The Taxpayers’ Alliance’s lack of research beggars belief; it couldn’t be that the TPA are just a bunch of ideological zealots?

It was a classic Taxpayers’ Alliance story. The headline “Binmen get iPads to save on paper” ran across this morning’s Metro front page. The article detailed how supposedly-profiligate Bury Council was spending £9,000 on the Apple tablets so bin lorries could log details of collections.

The TPA weighed in:

“It beggars belief that a council making huge savings can find this money to splash out on iPads.

“Residents want bin services that are reliable and efficient, not council staff monitoring what they’re throwing out.”

The Daily Mail even lifted the “beggars belief” line for its own headline, topping off a fine day’s work for the TPA.

What actually beggars belief is the so-called alliance failed to do its research properly before commenting on something it knew very little about.

The initiative will actually save Bury Council money, the iPads just being a new form of efficiency-through-mechanisation. A spokesman for the council told Left Foot Forward the changes have the capacity to save the council more than £150,000 per year.

He added:

“This system should ensure that the number of missed collections is reduced to an absolute minimum, because any problems are reported in immediately to our Customer Contact Centre [rather than afterwards, meaning that houses would need to be revisited]. We collect from 83,000 houses each week.

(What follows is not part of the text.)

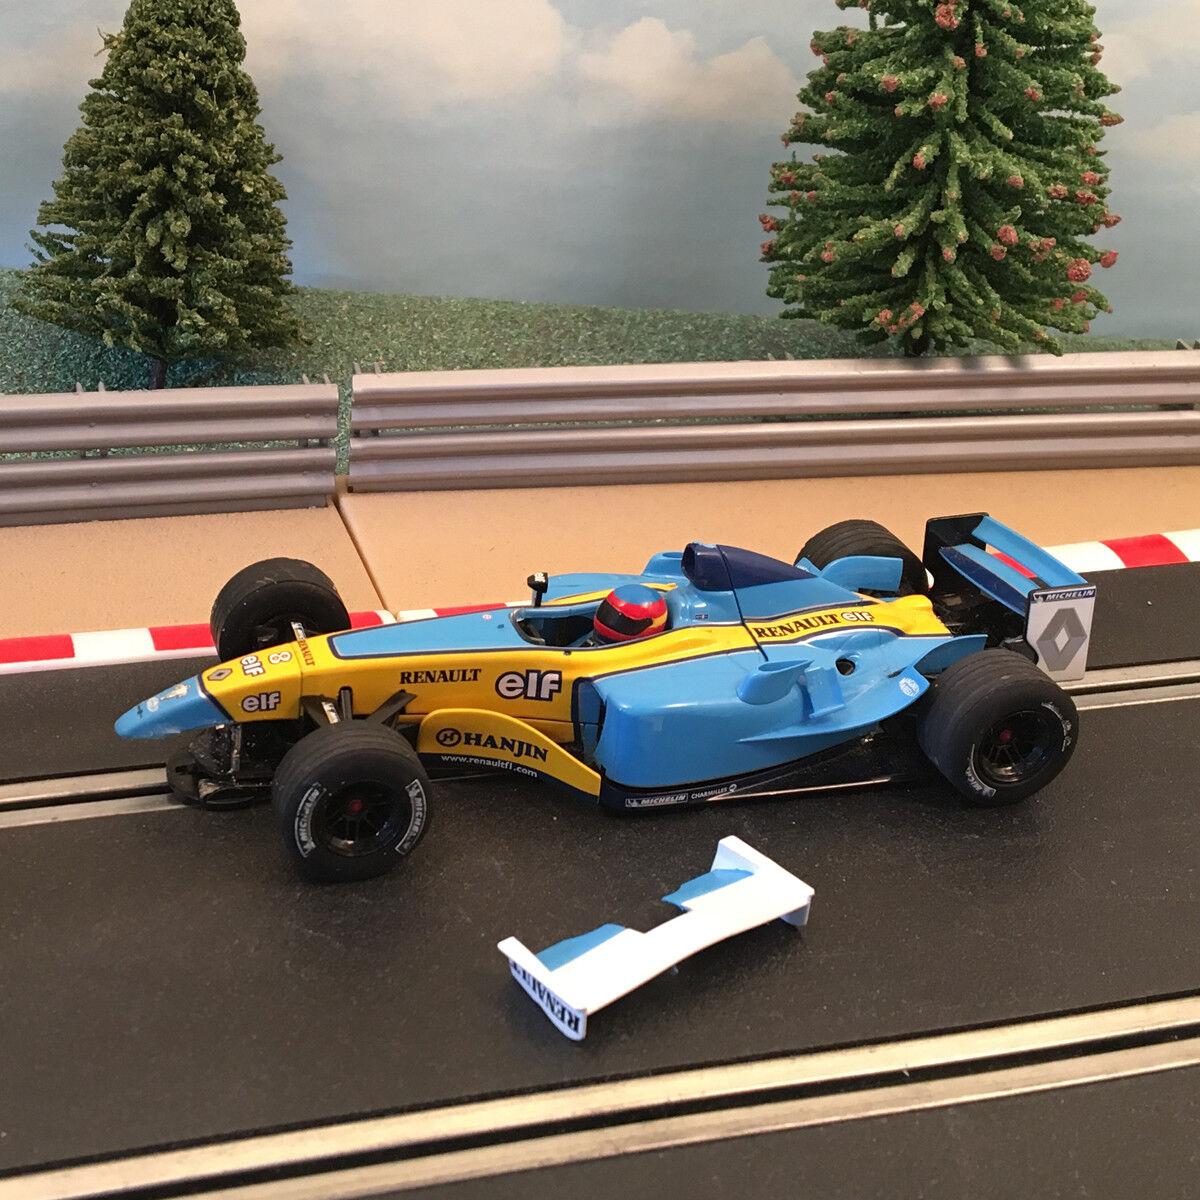 Scalextric 1 32 Car - F1 Renault elf  A

“In the last financial year, we received 4,228 reports of missed bins – we estimate that it would cost £40 to revisit each house, equivalent to nearly £170,000 a year, so this new system should make hefty savings.

“Bury Council is consistently ranked as one of the country’s most cost-effective and efficient councils, and this initiative has been developed in-house in order to keep down costs.”

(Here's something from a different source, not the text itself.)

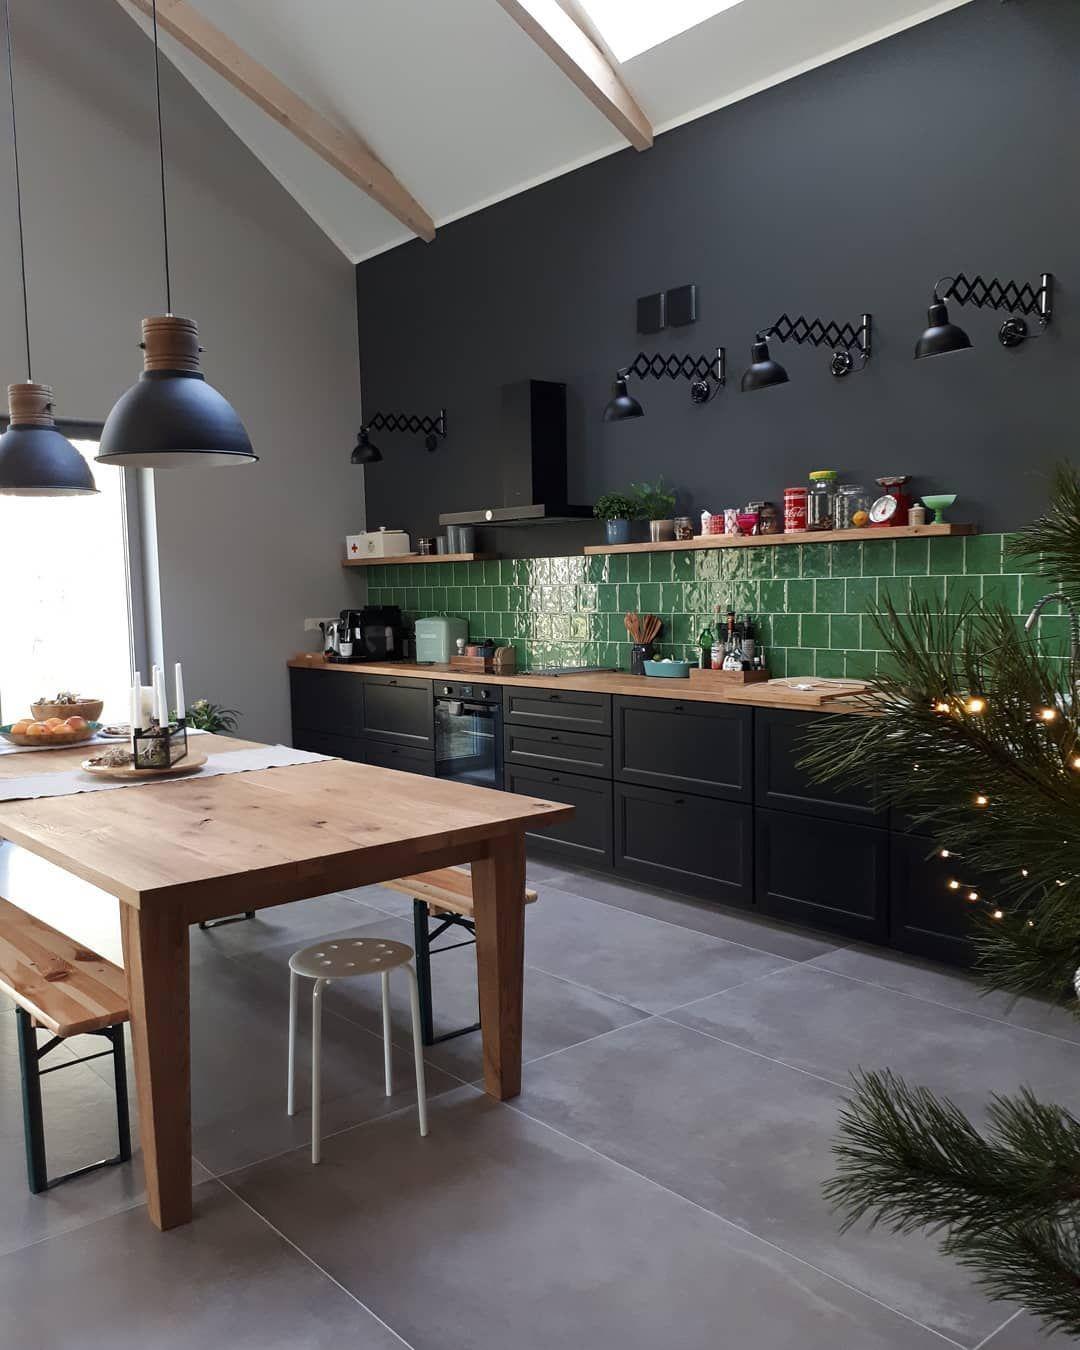 55+ Unexpected Green Kitchen Design Ideas — Trend [2020] в

Honestly, one might jump to the conclusion that the TPA were not really interested in value for money for taxpayers, but on an ideological adventure to undermine public services and the public sector – in this case Bury Council’s directly-provided bin collection services.

92 Responses to “Crazy Taxpayers’ Alliance attack on council that’s *saving* money”

  1. Guido Fawkes

    My favourite bit of this is “the so-called alliance” from the supposedly “forward” blog.

  2. Gary Flood

    Brilliant… Taxpayers’ Alliance attack council that invested in technology to save money – http://t.co/hZIw7j1

  3. lee

    You can’t criticise the TPA and Mail for saying stuff for the sake of ideology over actual good sense, when your ideological opposition to anything *they* say leads to you doing the same.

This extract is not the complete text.